WORK TASK: Beneath this instruction is a listing; print exactly the lines in it starting at the line that contains "Banff Canoe Club" and going through the line that contains "Savoiardi and whipped".

PROVIDED DATA:
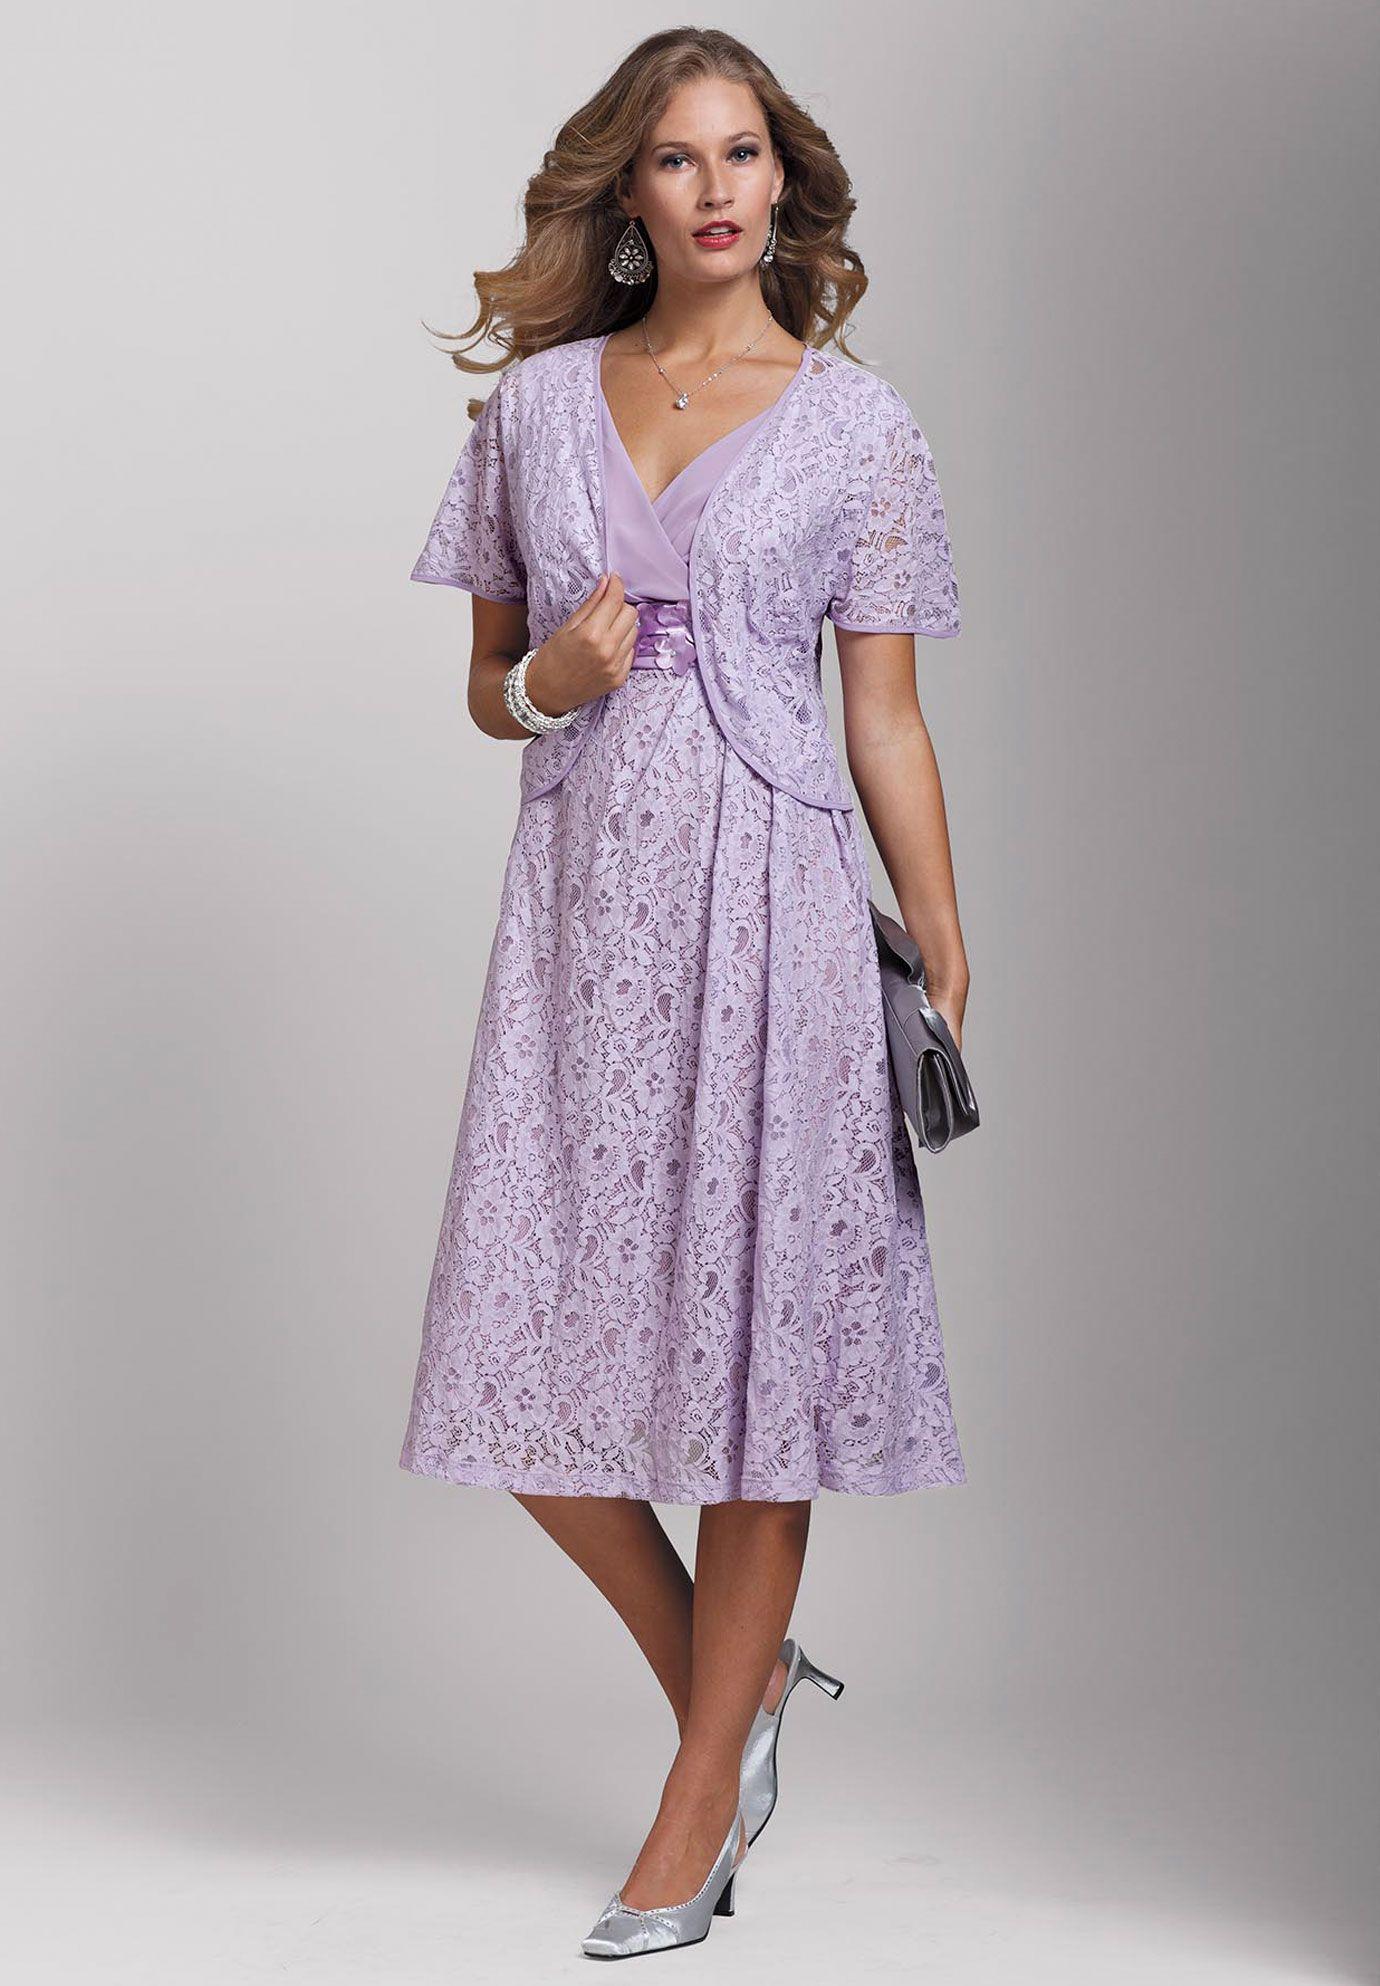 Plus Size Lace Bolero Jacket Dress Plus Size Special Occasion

...

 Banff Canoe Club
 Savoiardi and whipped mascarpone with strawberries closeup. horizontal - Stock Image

--

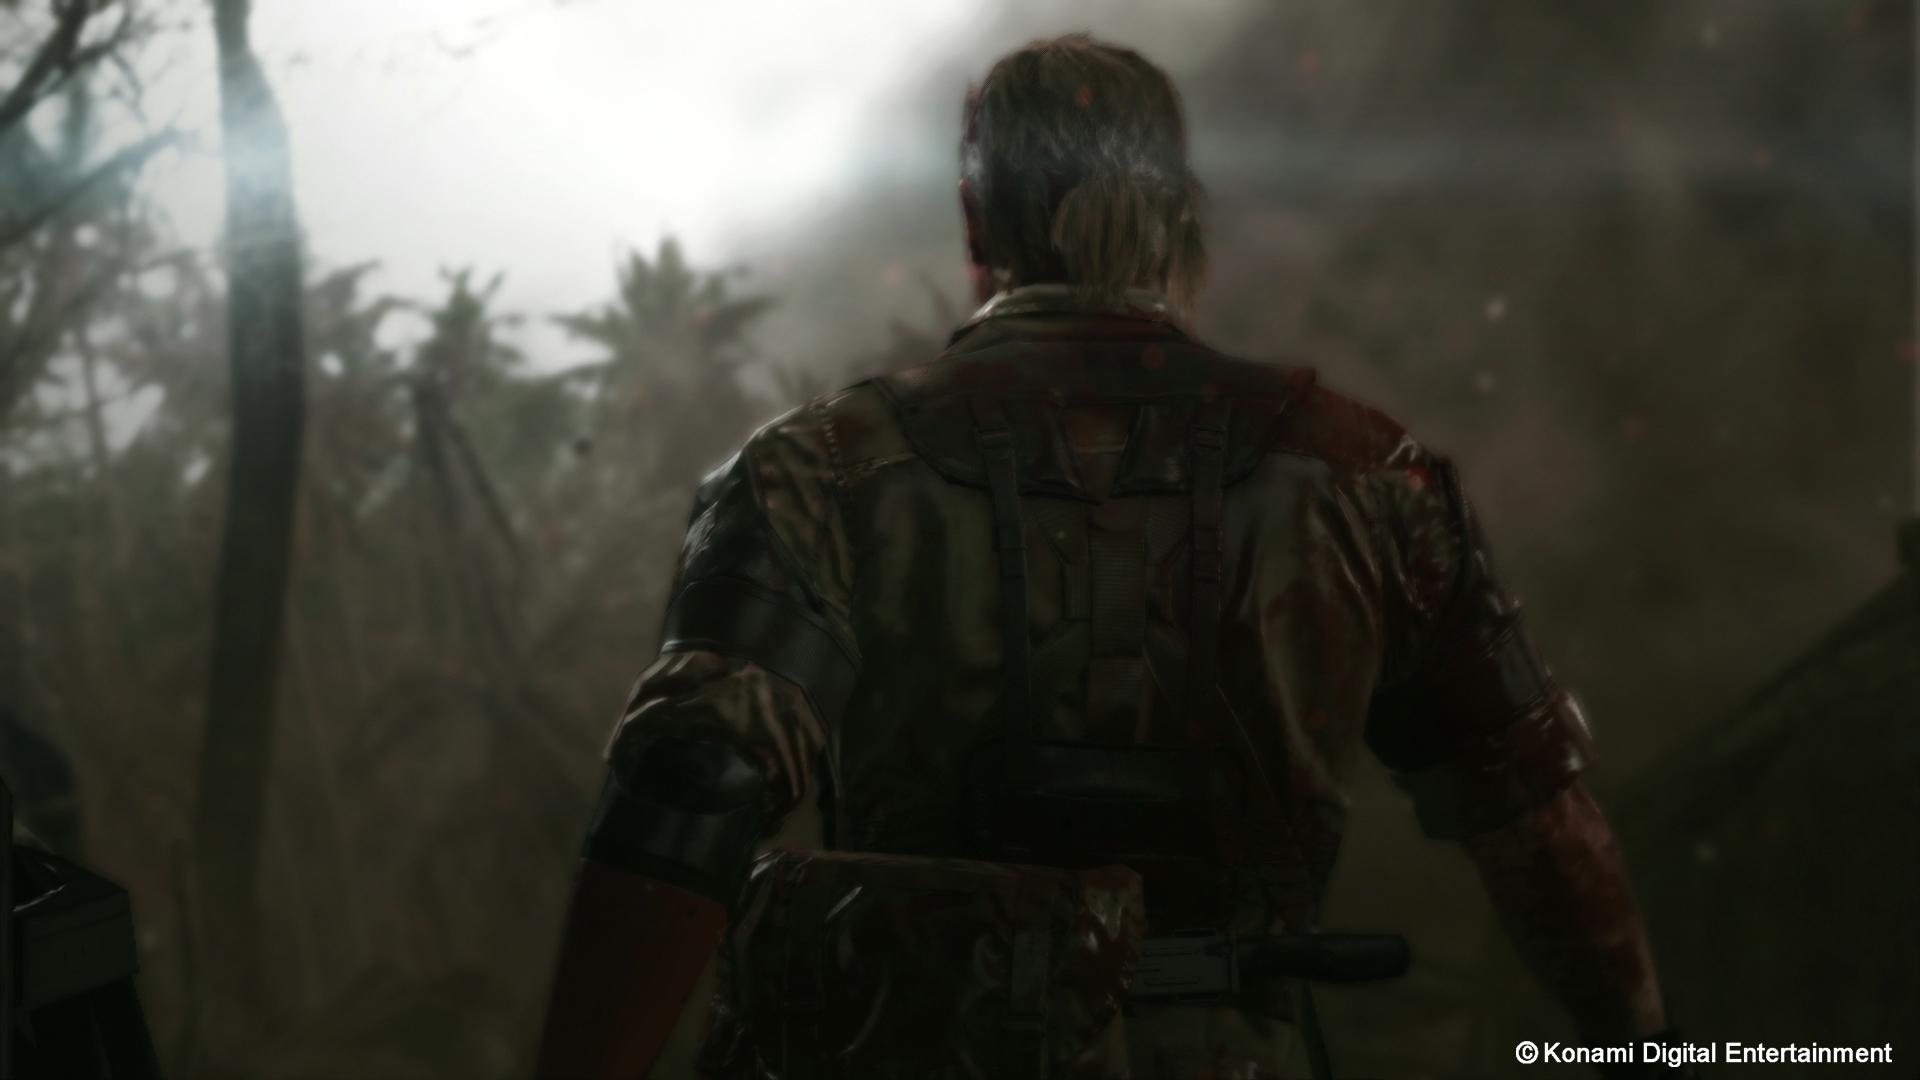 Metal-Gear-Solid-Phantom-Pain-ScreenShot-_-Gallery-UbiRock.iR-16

TASK OUTPUT:
 Banff Canoe Club
 Savoiardi and whipped mascarpone with strawberries closeup. horizontal - Stock Image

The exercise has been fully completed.